Trials, as Auren had been taught in preschool, were quite simple.
Everything about a Blessed depended on their Archon. Their Archon was their source. Hence, their path of growth was intrinsically tied to their Archon.
Auren could still recall how distasteful it had sounded when the preschool teacher lectured them.
While his classmates seemed enthralled by the concept, he had never understood their excitement. Why would anyone willingly carve their strength and value around something else—something that was… sleeping?
Auren had laughed at the absurdity of it all, and his so-called friends—those who only gravitated toward him because he was a peerless genius—had later turned to mock him, calling him a weirdo.
For a time, he had wondered if he was defective in some way, unable to see what the others saw, what the Archons revealed.
But Auren liked his defection. He liked it a lot. His mother had been defective in the same way.

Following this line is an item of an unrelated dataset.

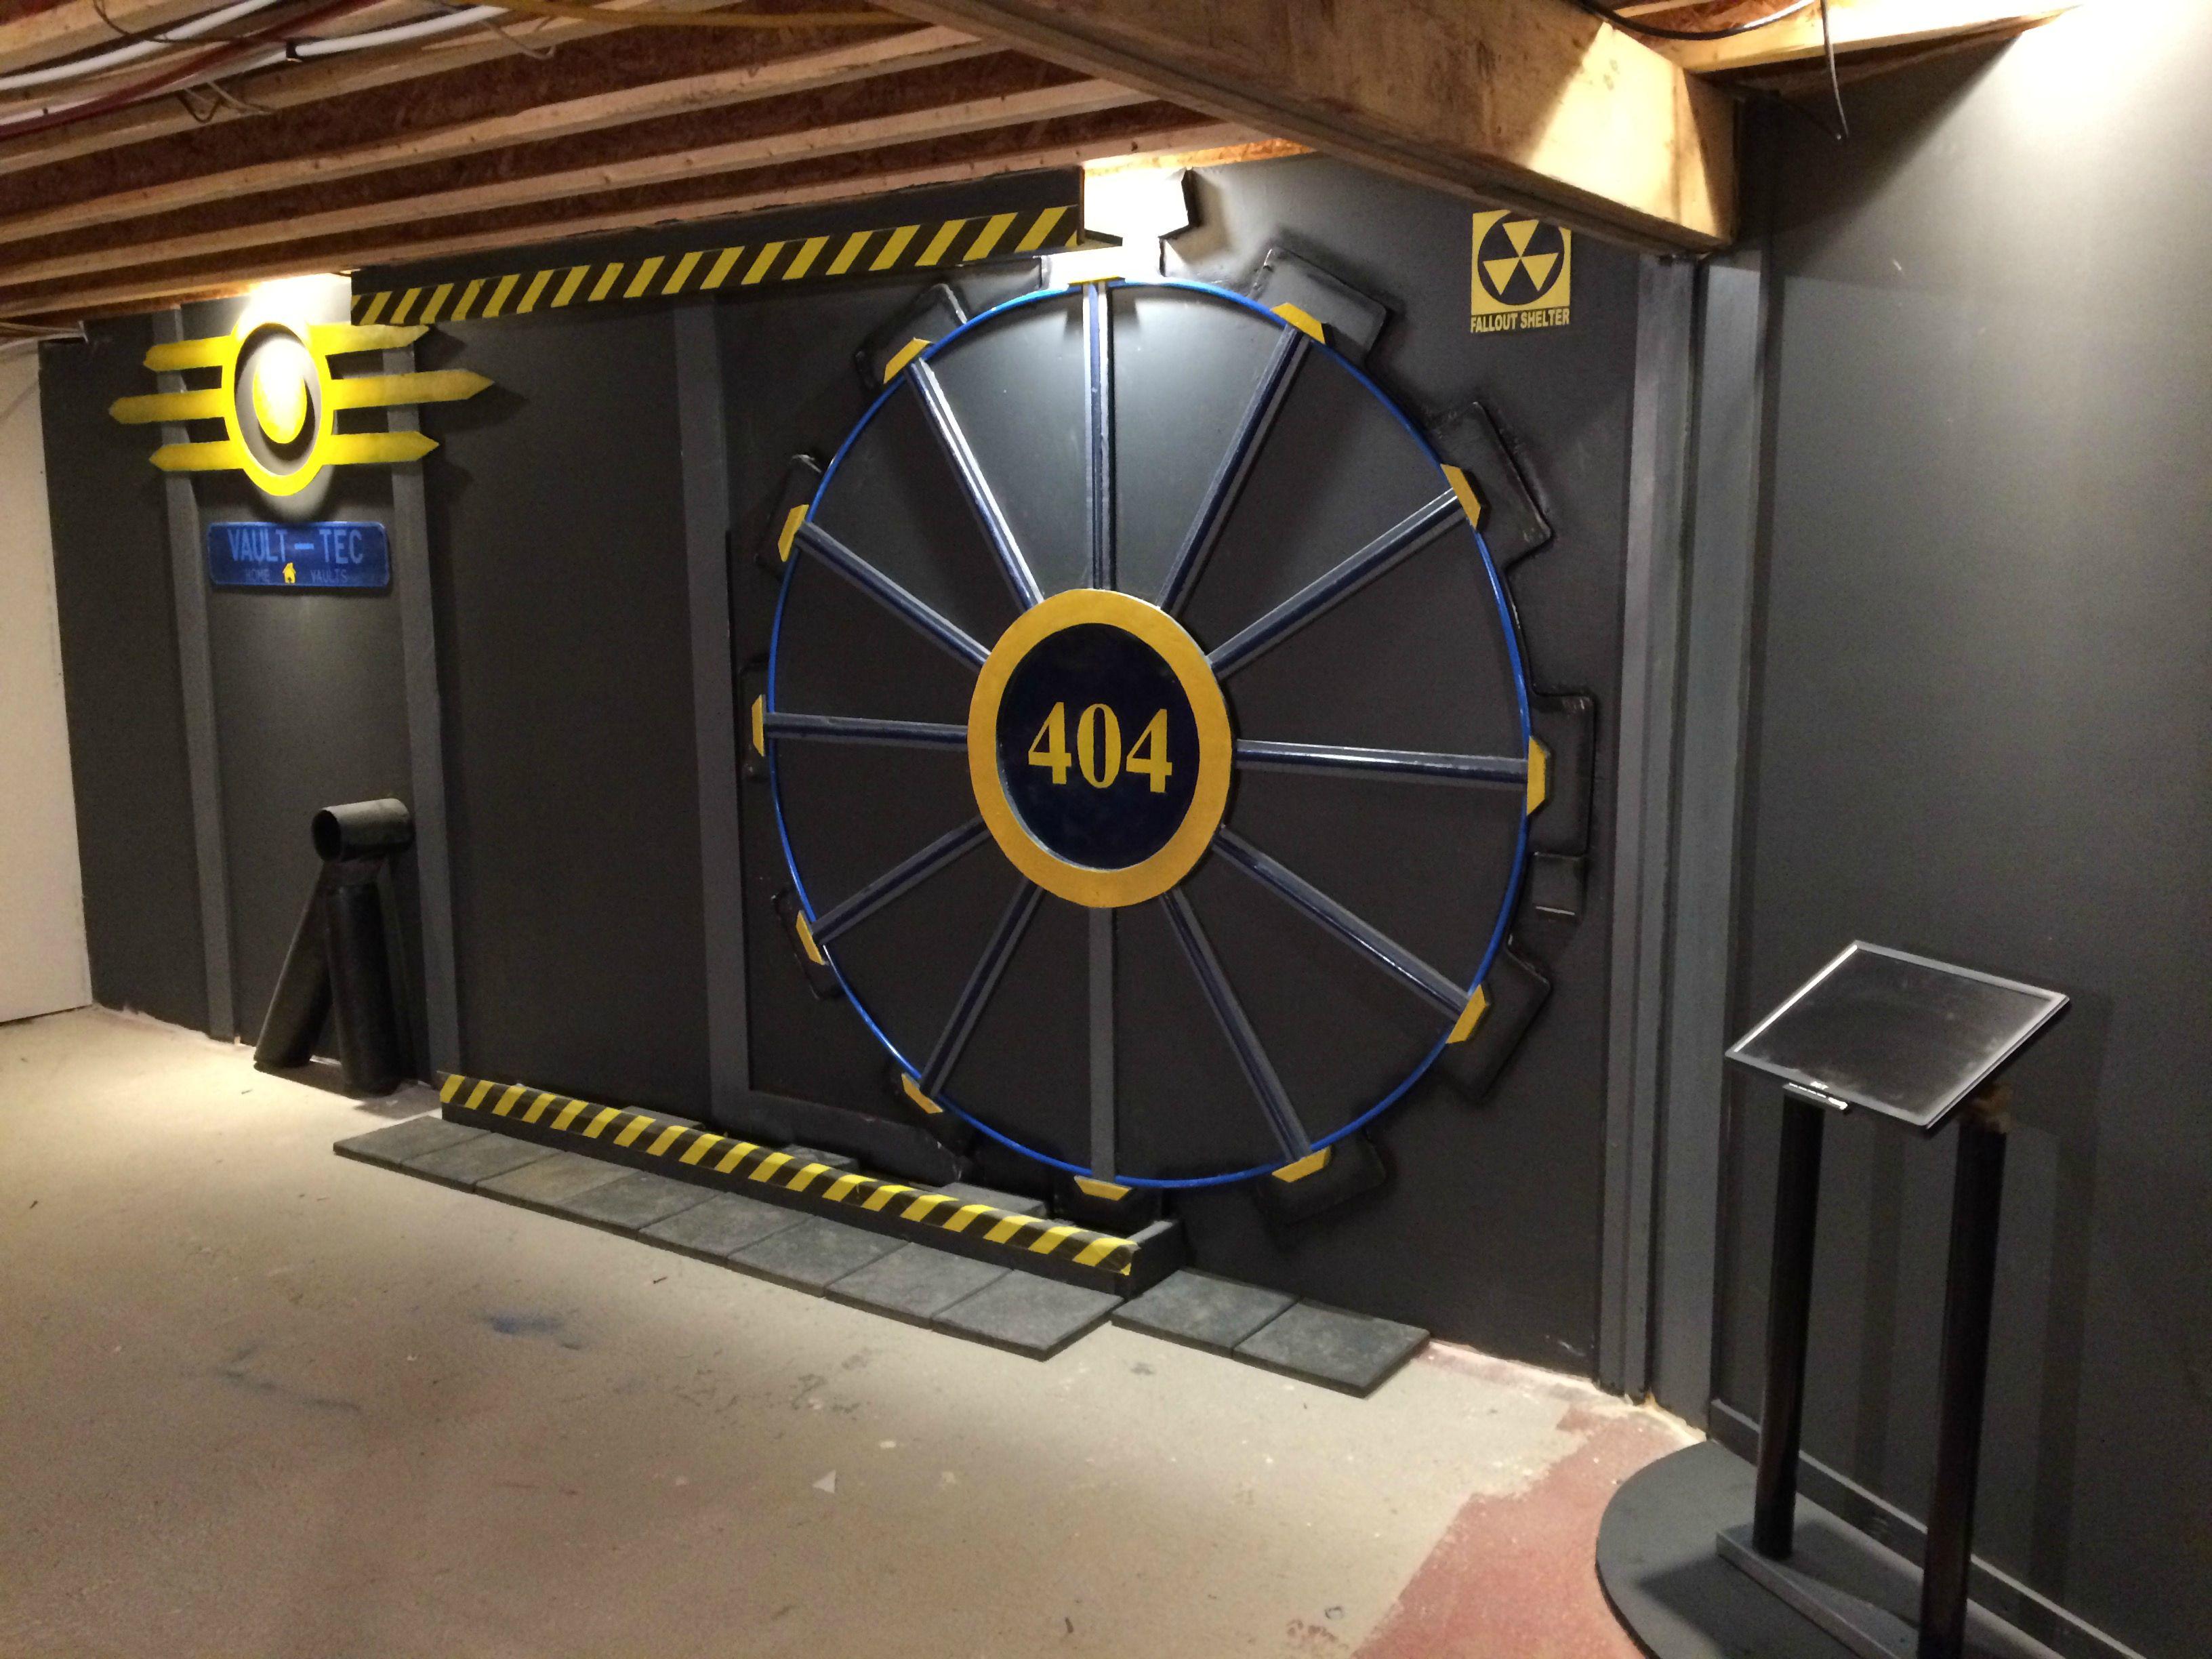 Fallout Vault Door fallout fan builds vault-tec door, is awesome | pc gamer

Trials were fragments of the Archons' memories… events that had transpired beneath their celestial gaze. Every Blessed had to undergo them in order to further evolve the crux of their soul.
But it wasn't as simple as the teachers made it sound.
They warned them—Trials were perilous.
If one died within a Trial, their soul would be lost forever, trapped within the Archons' memories, never to return to the real world.
The Archons, for all their supposed benevolence, had no forgiveness for weakness, failure, or disbelief. These were fatal sins.
Auren, however, considered that belief to be utter bullshit.
What mattered was that the information he had about Trials was what he had been taught—and that teaching wasn't baseless.
For generations, reports had detailed the ascension of Nascents undertaking Trials to become Devouts, Devouts striving to become Consecrateds, and Consecrateds attempting to become Exalteds. These records had been compiled to educate young Nascents before they received their Blessings and embarked on their first Trials.
But the most important lesson of all—the one that truly mattered—was understanding how to conquer a Trial.
Every Trial had a core.
But the core was never conventional.
It could be as simple and obvious as slaying a Cursed Creature roaming in plain sight… or as insidiously difficult as hunting a Cursed Creature hiding in plain sight.
Two scenarios that sounded eerily similar—yet were devastatingly different.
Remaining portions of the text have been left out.